Regarding the extent to which the Egyptian market was affected by more floating of the local currency, the economist said that the devaluation of the pound contributes to an increase in the costs of imports, and thus their prices rise, which accordingly reduces the demand for imports, and thus reduces the demand for hard currencies.

"Also, the devaluation of the Egyptian pound may increase the competitiveness of Egyptian exports in the global markets, thus increasing exports and increasing the flow of hard currency," he added.

However, there is a crack that concerns ordinary people - as Abdel Muttalib pointed out - as the suffering of Egyptians will increase as a result of the high prices of commodities, most of which are imported from abroad.

Parallel market recovery

In turn, Professor of Economics at the American University of Auckland, Mustafa Shaheen, said that economic indicators are pushing towards the collapse of the pound, expecting more recovery of the parallel market during the coming period due to the scarcity of the dollar.

Shaheen added - in an interview with Al-Jazeera Net - that it is difficult to predict the level of the pound's decline against the dollar, saying, "It may rise to 40 or 50 pounds, and it may decrease to 25 pounds," stressing that all matters depend on the decisions of government officials.

He explained the need for government spending on priorities only as a serious step to curb the depreciation of the pound, but he does not build hopes on the current government to follow the right path, criticizing the continuation of the implementation of projects that he "promotes as national and is useless while continuing to sell assets, whether bodies Or economic companies that are of paramount national security importance.

The International Monetary Fund believes that the Egyptian government aims to achieve expected revenues of about 2.5 billion dollars from the government asset sale program by the end of next June, with a tendency to sell assets of about 6.7 billion until mid-2028.

What is the solution?

The journalist specialized in economic affairs, Mostafa Abdel Salam, exceeds expectations regarding the exchange rate of the pound, to try to search for effective solutions before the collapse of the Egyptian currency.

In his article entitled "The Truth of the Fourth Floating of the Egyptian Pound," Abdel Salam called on the responsible authorities to take urgent and strict steps to stop what he described as the pound's collapse and put an end to the local currency's decline for the worse.

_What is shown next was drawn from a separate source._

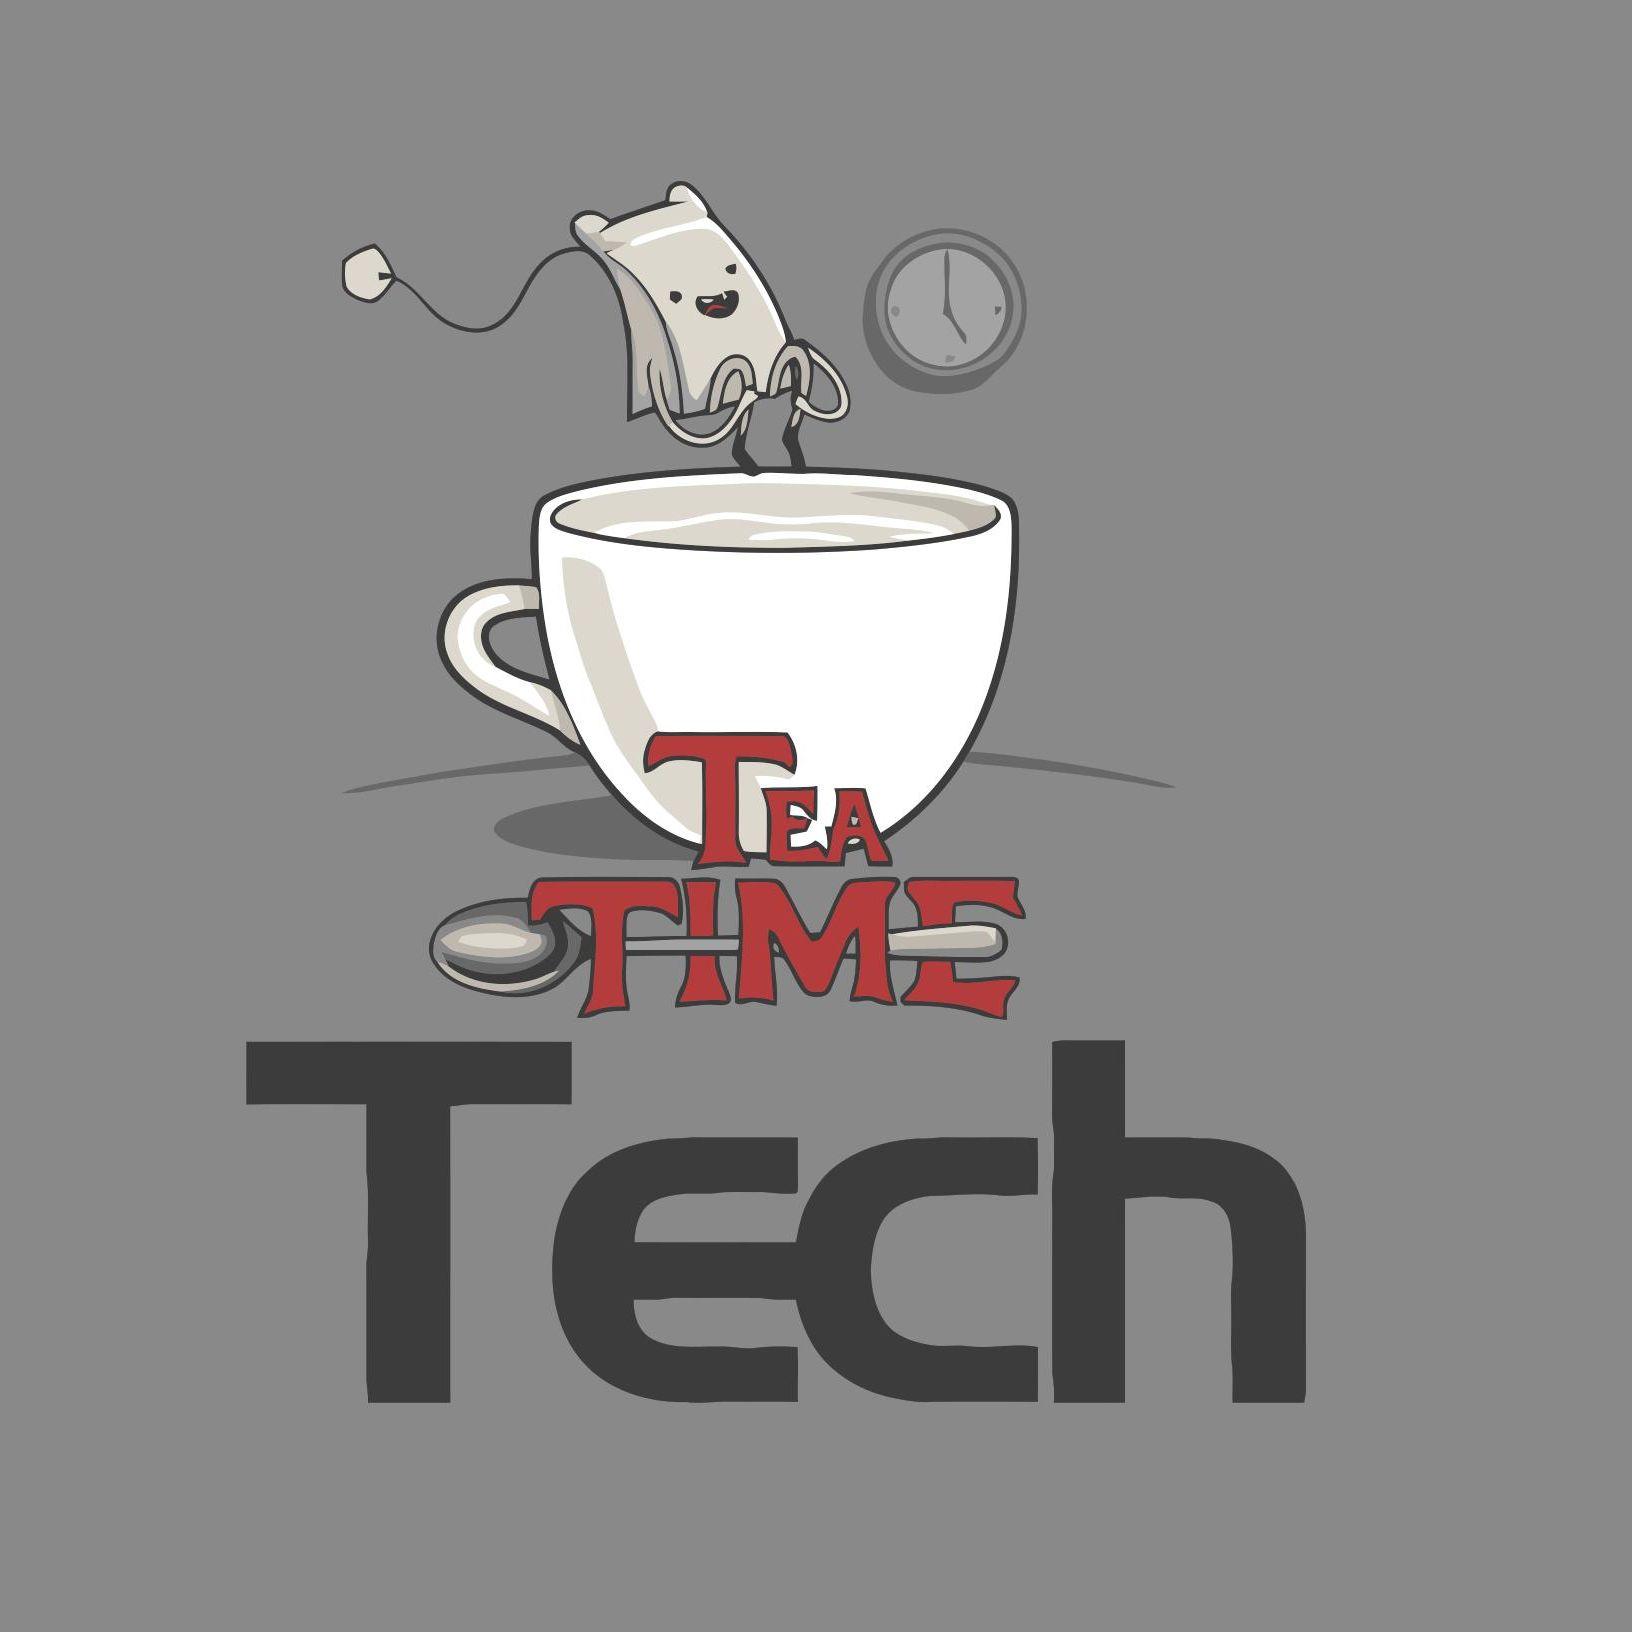 TeaTimeTech
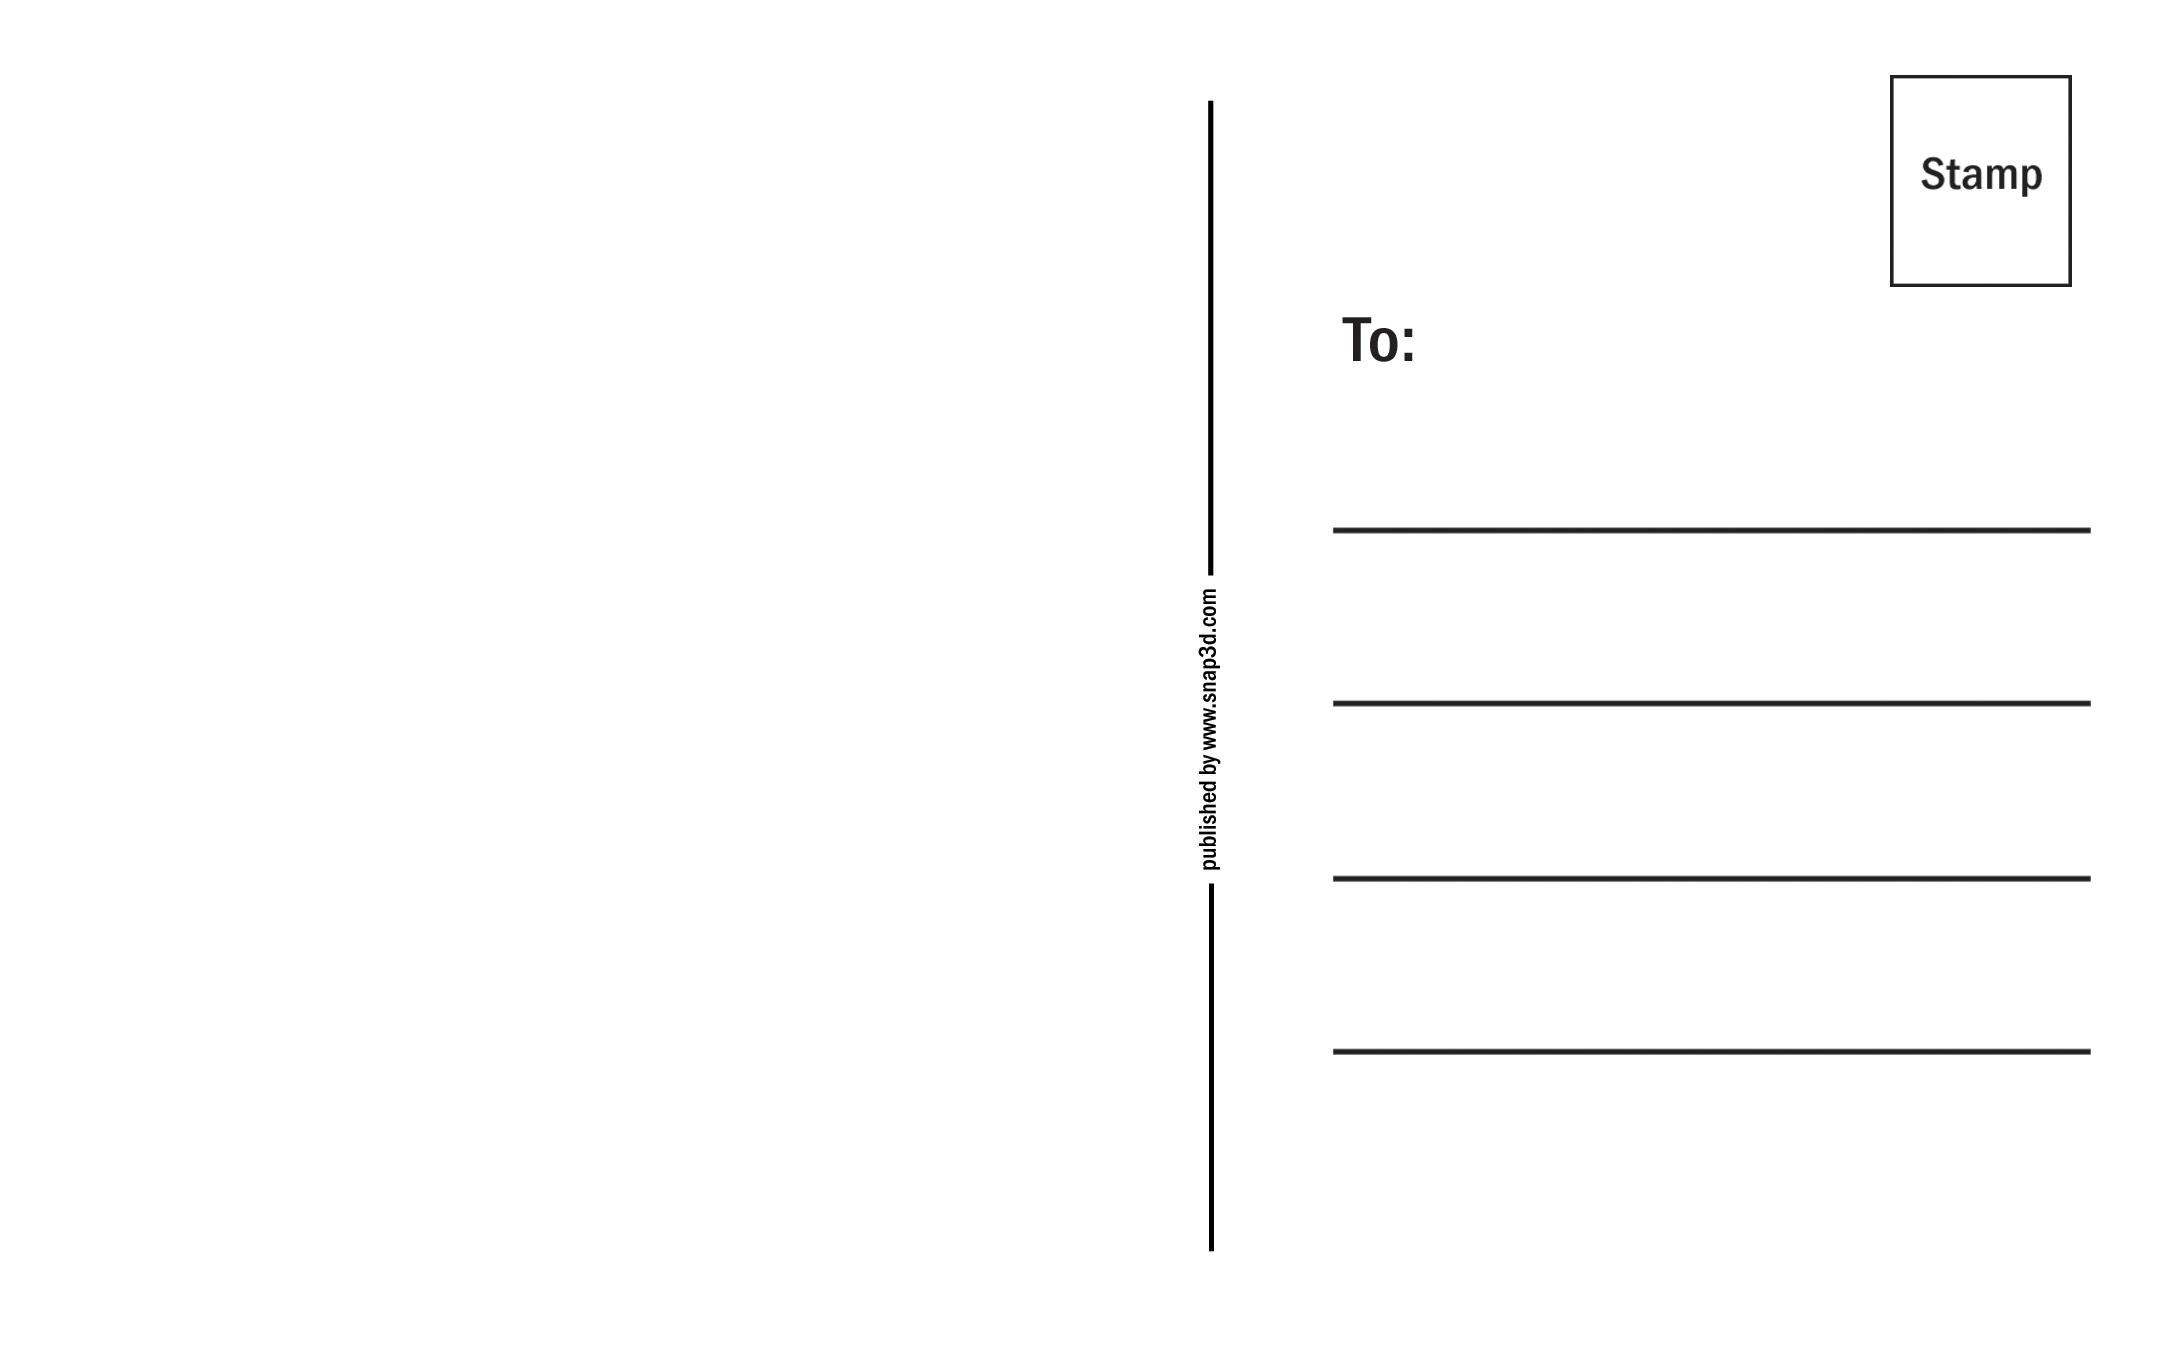 4x6 Postcard Template Word | Sample CV Resume

Among the most prominent of these steps is reducing external borrowing, increasing the state’s dollar resources and efficient use of them, activating strategic sectors such as tourism, exports, expatriate remittances, and direct investment, while addressing the chronic trade balance deficit problem, and stopping allocating resources and dollar loans to finance projects that do not generate returns in foreign exchange and can be Financed in the local currency.

And he added, "It is not acceptable to continue establishing the largest opera house and the largest amusement park in the Middle East, and to construct government headquarters in the new administrative capital with external loans."

The journalist specialized in economic affairs stressed the need to restore confidence among dollar holders and reassure them of their money deposited with banks, especially those who withdrew their dollar savings from banks in light of the spread of rumors about the imminent bankruptcy of the state.